Expert Reveals What Queen Elizabeth Did To 'Shield' Andrew After The Epstein Scandal Broke
Long before the latest questions about Andrew Mountbatten-Windsor’s associations reached the King’s desk, the foundations of the scandal had already taken root. According to royal biographer Andrew Lownie, the warning signs had been visible years ago, and so, too, was the Palace’s determination to contain the damage, led by none other than the late Queen Elizabeth.
In a Substack post, Lownie wrote that when the first explosive allegations surfaced in 2011, the late Queen moved to protect her son. The crisis began in February 2011 when Sian James, assistant editor at the Mail on Sunday, contacted Andrew’s press secretary, Ed Perkins. The paper, she said, had obtained a photograph of the then duke with Virginia Roberts, now Virginia Giuffre, who alleged she had slept with him. Perkins convened senior Palace officials and lawyers, and the Queen summoned her second son for a private meeting.

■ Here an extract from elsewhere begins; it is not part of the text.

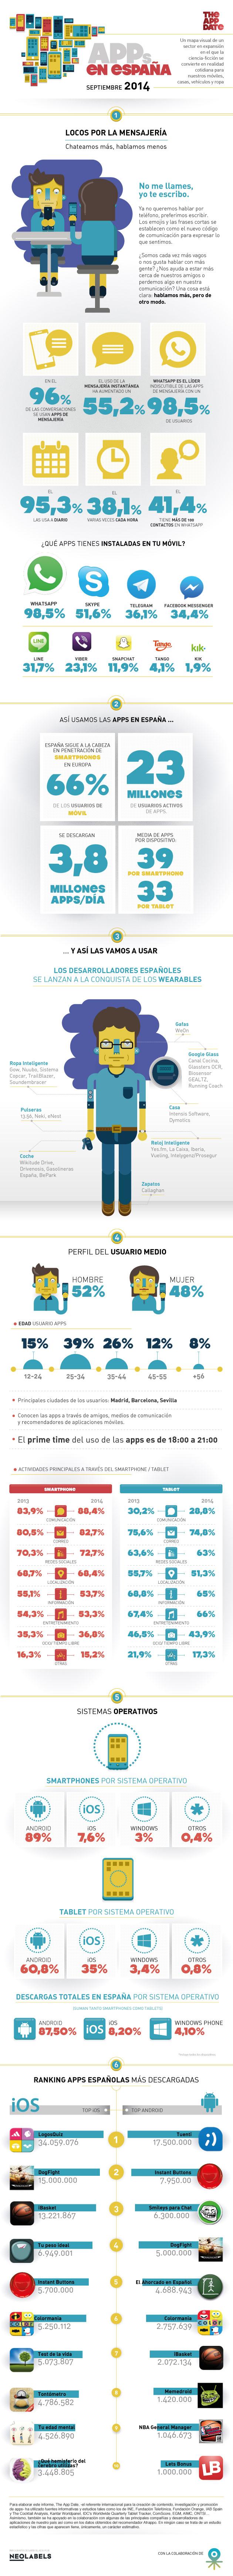 informe-apps-espana-2014-blog-hostalia-hosting

What followed, Lownie writes, was a coordinated effort to push back. “The duke assured his mother that he had no sexual relationship with Virginia Roberts or any of Jeffrey Epstein’s girls,” a source said. “The duke talked to the lawyers on the phone and, with the approval of the duke and his office, the lawyers drew up a legal document that was meant as a shot across the bow of the press in Britain.”
Following that, the Buckingham Palace lawyers issued a warning of defamation. Almost like telling any publication that would follow the course would face legal consequences. Lownie wrote, "Buckingham Palace also issued a defamation warning in an attempt to shield Andrew." On the eve of Mountbatten-Windsor’s fifty-first birthday—and just a day after the Epstein scandal broke publicly—the Queen appointed him Knight Grand Cross of the Order of St Michael and St George.

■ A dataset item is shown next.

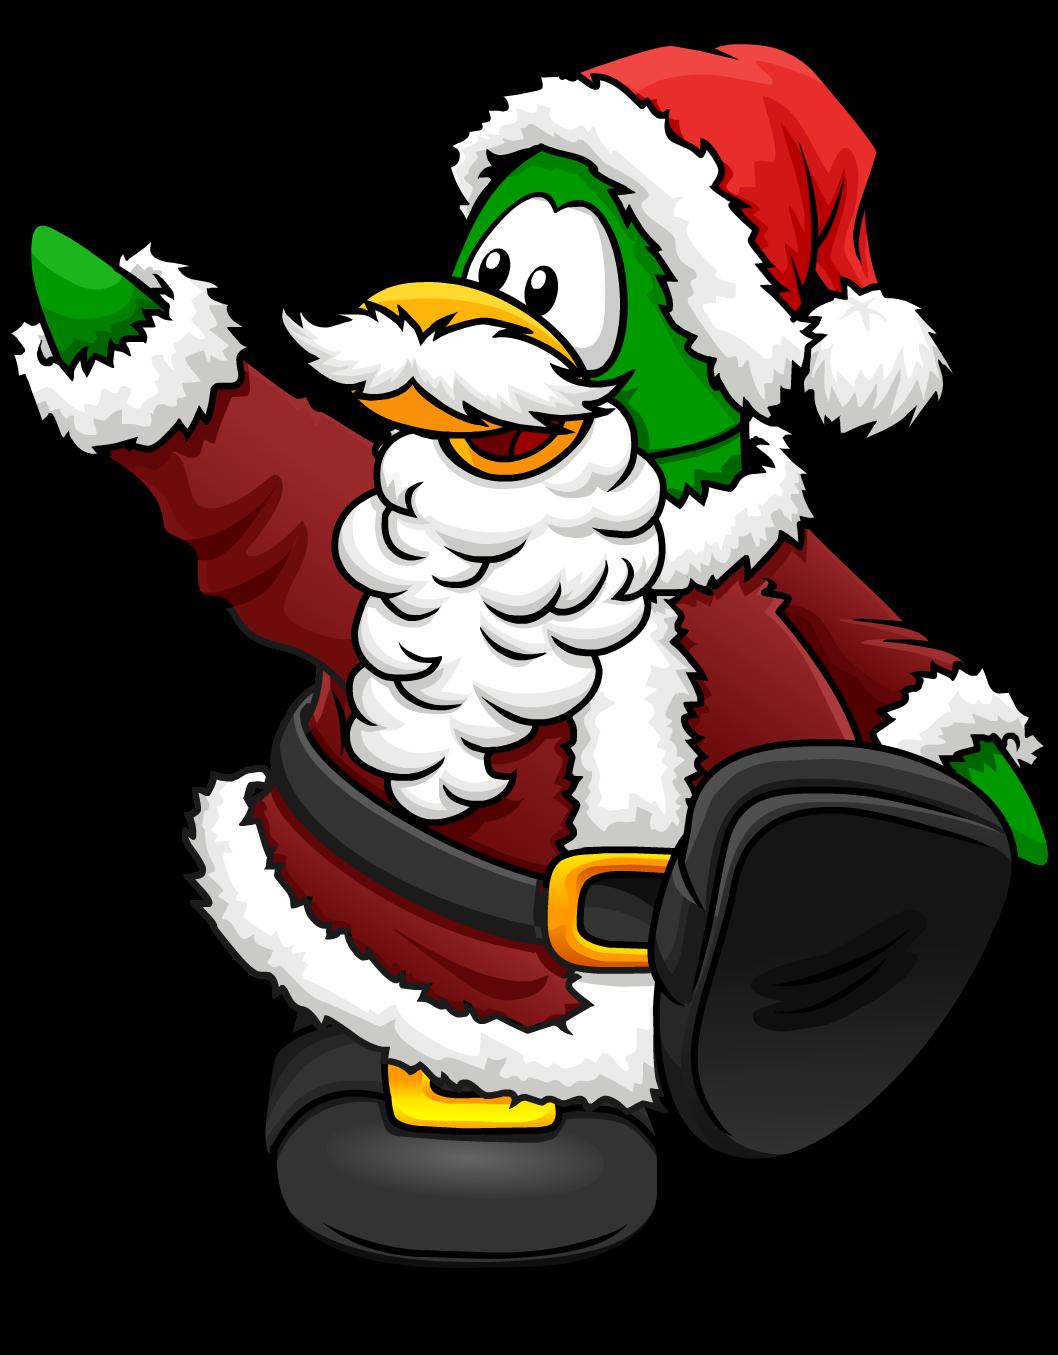 santa claus club penguin wiki fandom powered by wikia

However, that could hardly contain the pandemic. On 28 February, MPs, including Chris Bryant, called for Mountbatten-Windsor to be removed from his role as the UK’s special representative for trade and investment, citing concerns over his alleged links to the Libyan regime. The pressure intensified when Stephen Day, a former British ambassador to Tunisia, wrote to then foreign secretary William Hague, urging his dismissal.

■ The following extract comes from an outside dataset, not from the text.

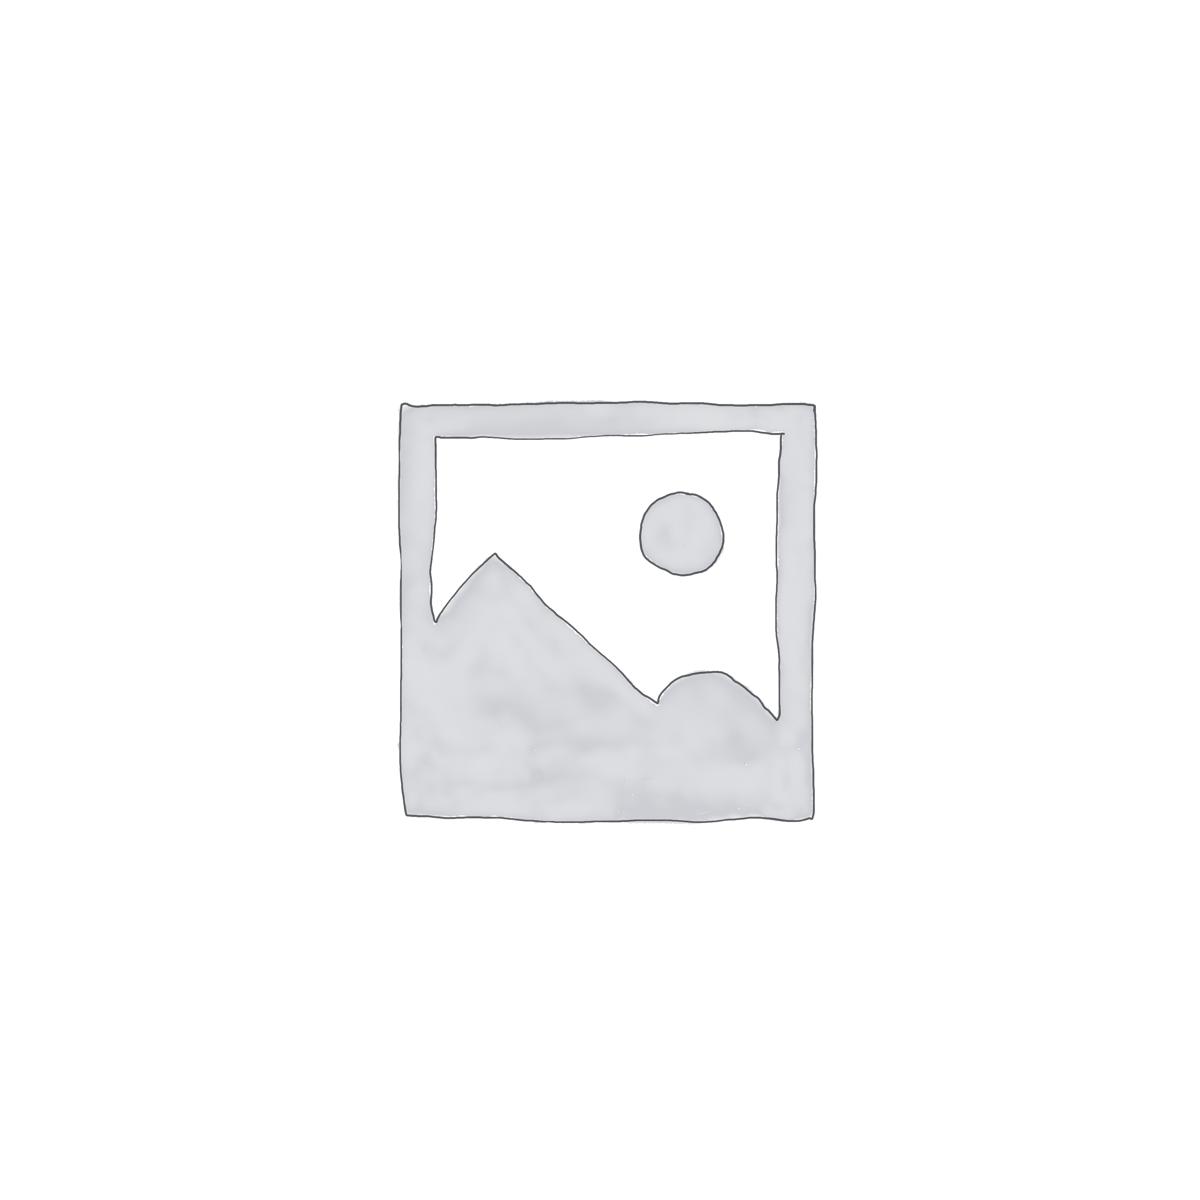 Erwarte Produktbild

Day warned that the duke’s dealings with questionable figures were inflicting “serious damage to the royal family and to Britain’s political, diplomatic, and commercial interests”. His letter, later leaked, pointed to Andrew’s lunch at Buckingham Palace with Sakher El Materi—later convicted of corruption in absentia in Tunisia—as well as other private visits. He copied his concerns to three government departments, adding, “The message being spread around the world is that Britain is so desperate for business, so incapable of competing openly, that it needs a back-door approach and is content to work closely with dodgy fixers and politicians.”
The reputational damage, Lownie suggests, was already visible on the international circuit. The wife of a head of state confided that her husband feared being photographed alongside Mountbatten-Windsor. “No one wants that association now,” she said. “This is what everyone’s talking about.”
Further embarrassment followed revelations involving Libyan businessman Tarek Kaituni, a guest at Princess Beatrice’s twenty-first birthday party who reportedly gifted her a roughly $24,000 diamond necklace. Kaituni allegedly boasted that he could “influence” the prince in support of commercial ventures.